X

*** TERIMA KASIH ANDA TELAH SAKSIKAN DETIKLAMPUNG STREAMING TV SETIAP HARI ***      *** Video on Demand kami siapkan atas saran & permintaan masyarakat pembaca setia detiklampung.com *      MOHON MAAF SELAMA SEPEKAN, KAMI TIDAK DAPAT DIAKSES KARENA SEDANG ADA PERBAIKAN. NAMUN SAAT INI SUDA      

KPMP Lampura Akan Ditingkatkan Statusnya Menjadi Badan

  • dibaca 1171 kali

    DL/01072014/Kotabumi

    Guna meningkatkan pelayanan bagi konsumen dan mendongkrak Pendapatan Asli Daerah (PAD), Kantor Penanaman Modal dan Perizinan (KPMP) Kabupaten Lampung Utara akan ditingkatkan statusnya menjadi badan. Demikian diungkapkan kasi Pemprosesan, KPMP, Duta Karya mewakili kepala kantor, Sri Mulyana di ruang kerjanya, Selasa (30/6).

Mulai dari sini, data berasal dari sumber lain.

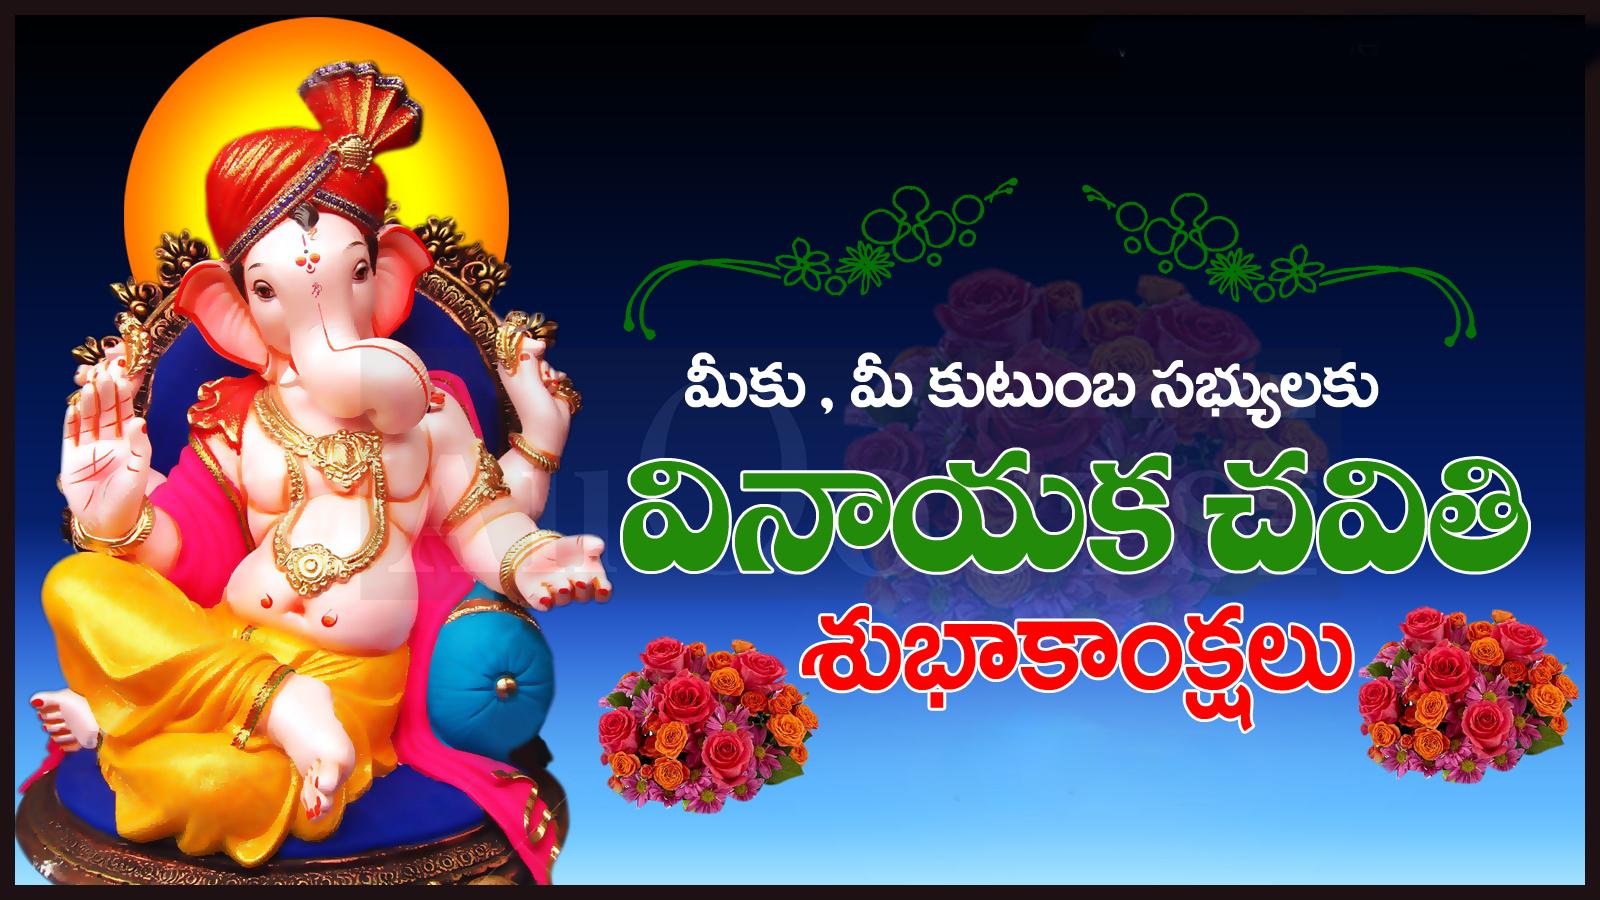 Happy vinayaka chavithi telugu greetings happy ganesh chaturthi 2015 ganesh chaturthi widely celebrated in andhrapradesh karnatakavinayaka chavithi quotes in telugu greetings in m4hsunfo Gallery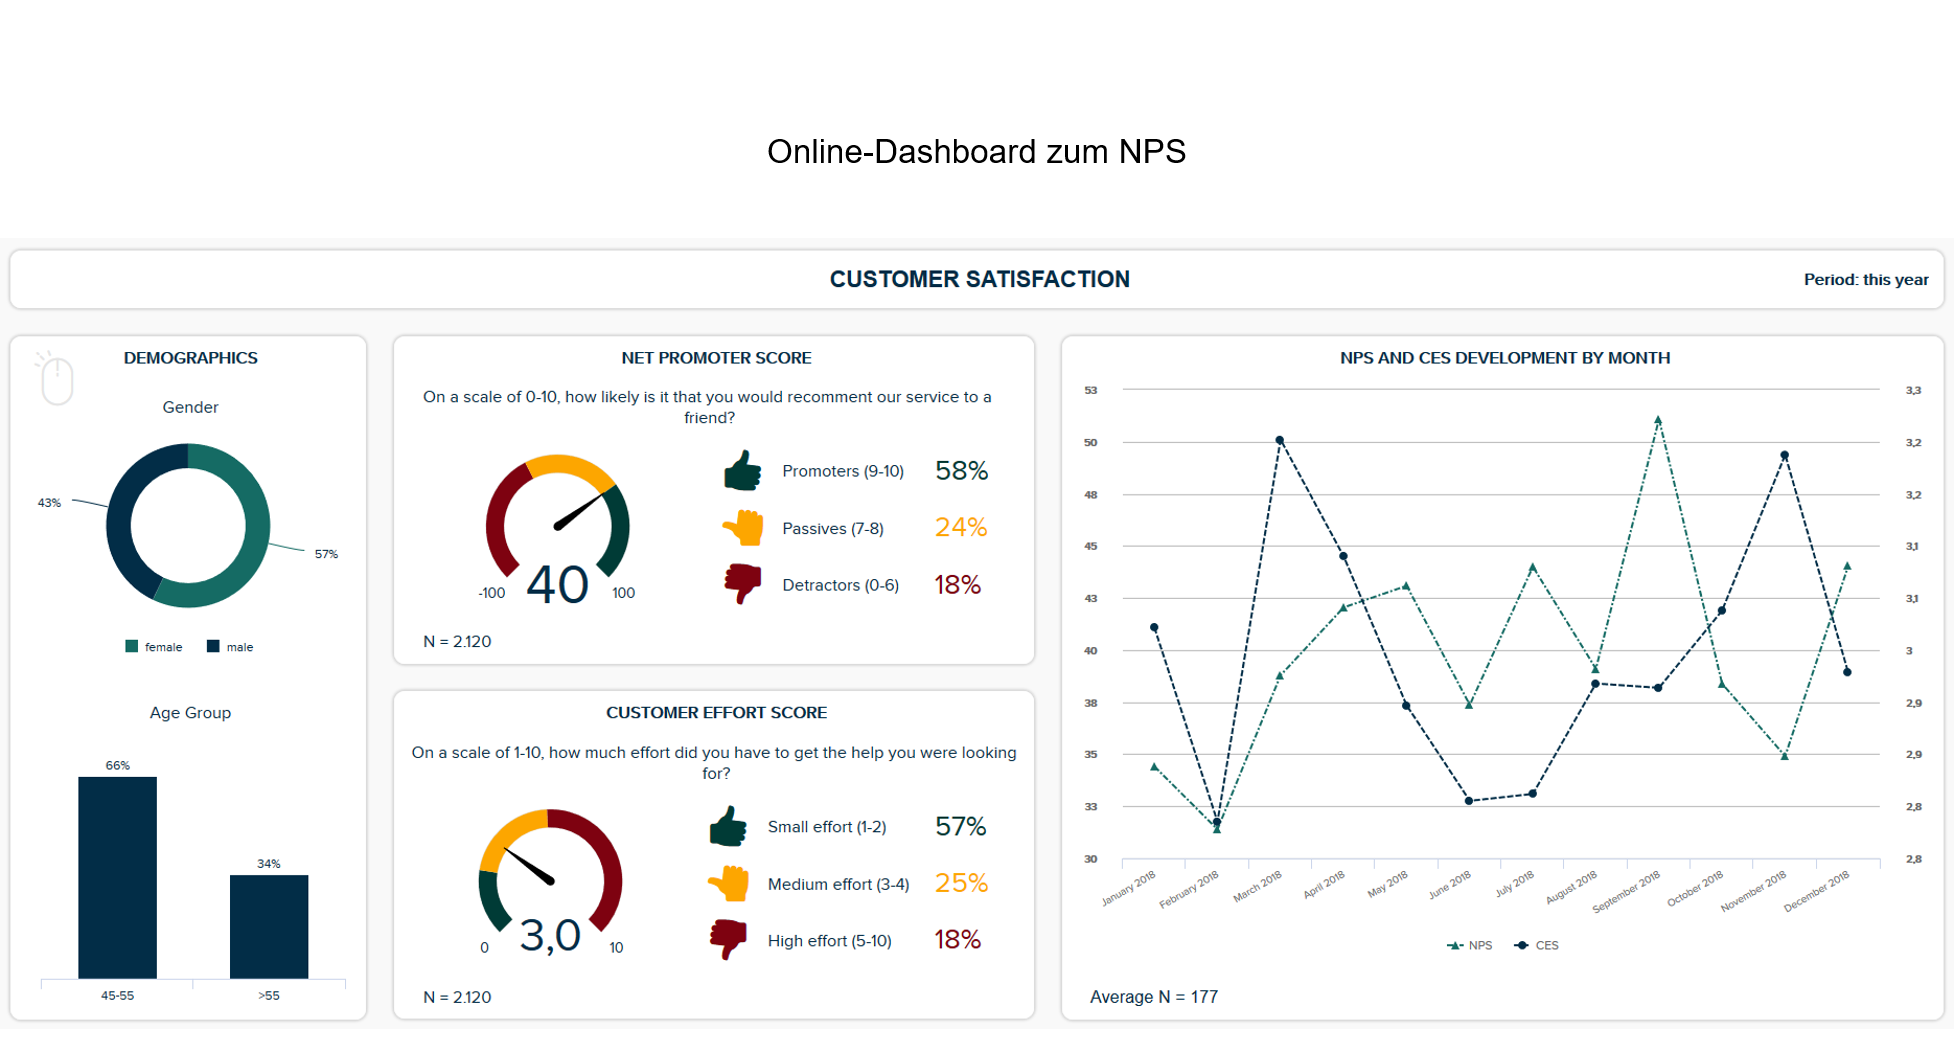 Online-Dashboard zum Net Promoter Score

    Menurut Duta dengan peningkatan status menjadi badan, pihaknya dapat menetapkan besarnya nilai sumbangan PAD tiap tahunnya.

    Selain itu, pelayanan bagi konsumen dalam pengurusan izin akan lebih optimal.“Selama masih berstatus kantor, kami tidak dapat secara langsung menarik PAD dan kewenangan kami sebatas pemberian izin. Untuk penarikan PAD, menjadi kewenangan instansi terkait,” ujarnya.

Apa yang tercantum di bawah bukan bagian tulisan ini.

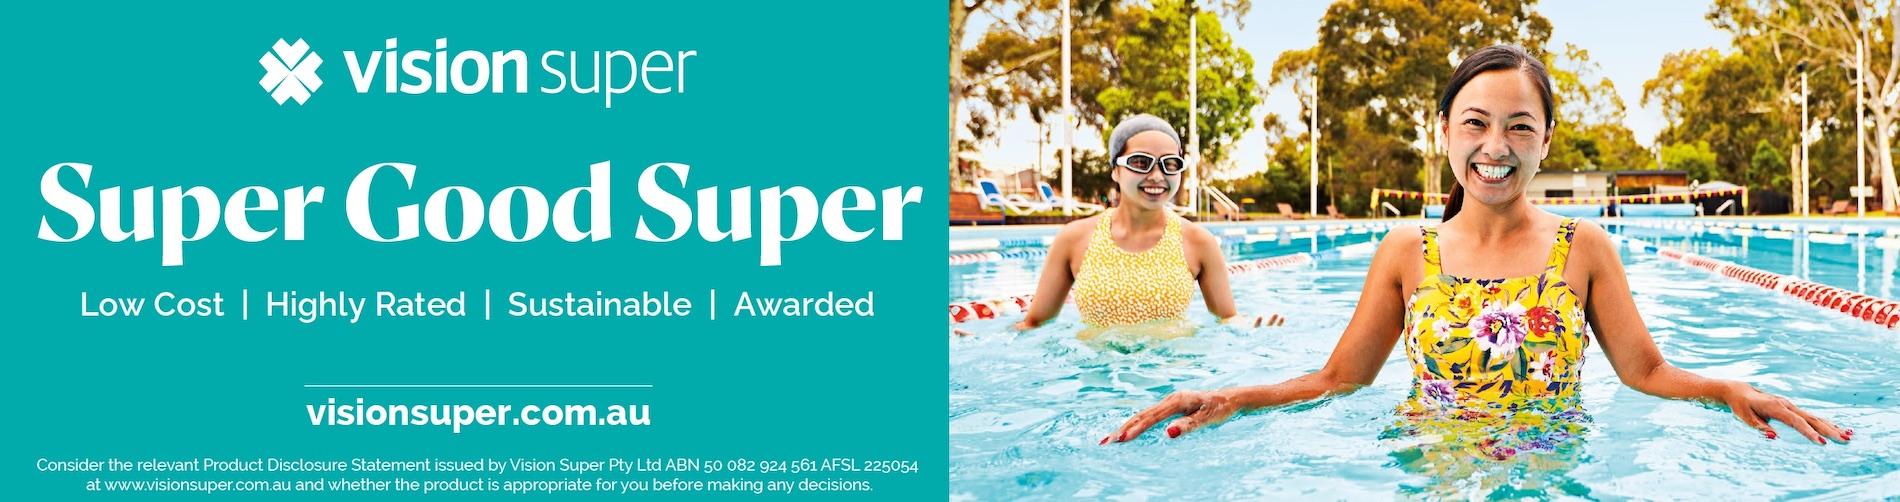 Vision Super launches new 'Super Good Super' campaign via The Fuel Agency, Melbourne

    Peningkatan status telah diupayakan melalui penyampaian telaah staf ke bupati dan berkoordinasi dengan bagian organisasi dan bagian hukum. Tinggal presentasi pada tim dan pembahasannya ke DPRD.

    Dasar peningkatan status dari kantor menjadi badan telah diatur memalui panduan nasional Permendagri No. 24/2006 tentang Pelayanan Terpadu Satu Pintu (PTSP) sebagai lembaga yang berkompeten dalam pemberian pelayanan perizinan di daerah.

    Selain itu himbauan melalui Surat Gubernur No. 570/1116/11.06/2012 tentang efektivitas penanaman modal di daerah.“Acuan perubahan status dari kantor ke badan pada PTSP Lampura telah diatur dalam panduan nasional Permendagri No. 24/2006. Selain itu, perubahan status ini, juga untuk menanggapi Surat Gubernur Lampung,” kata dia.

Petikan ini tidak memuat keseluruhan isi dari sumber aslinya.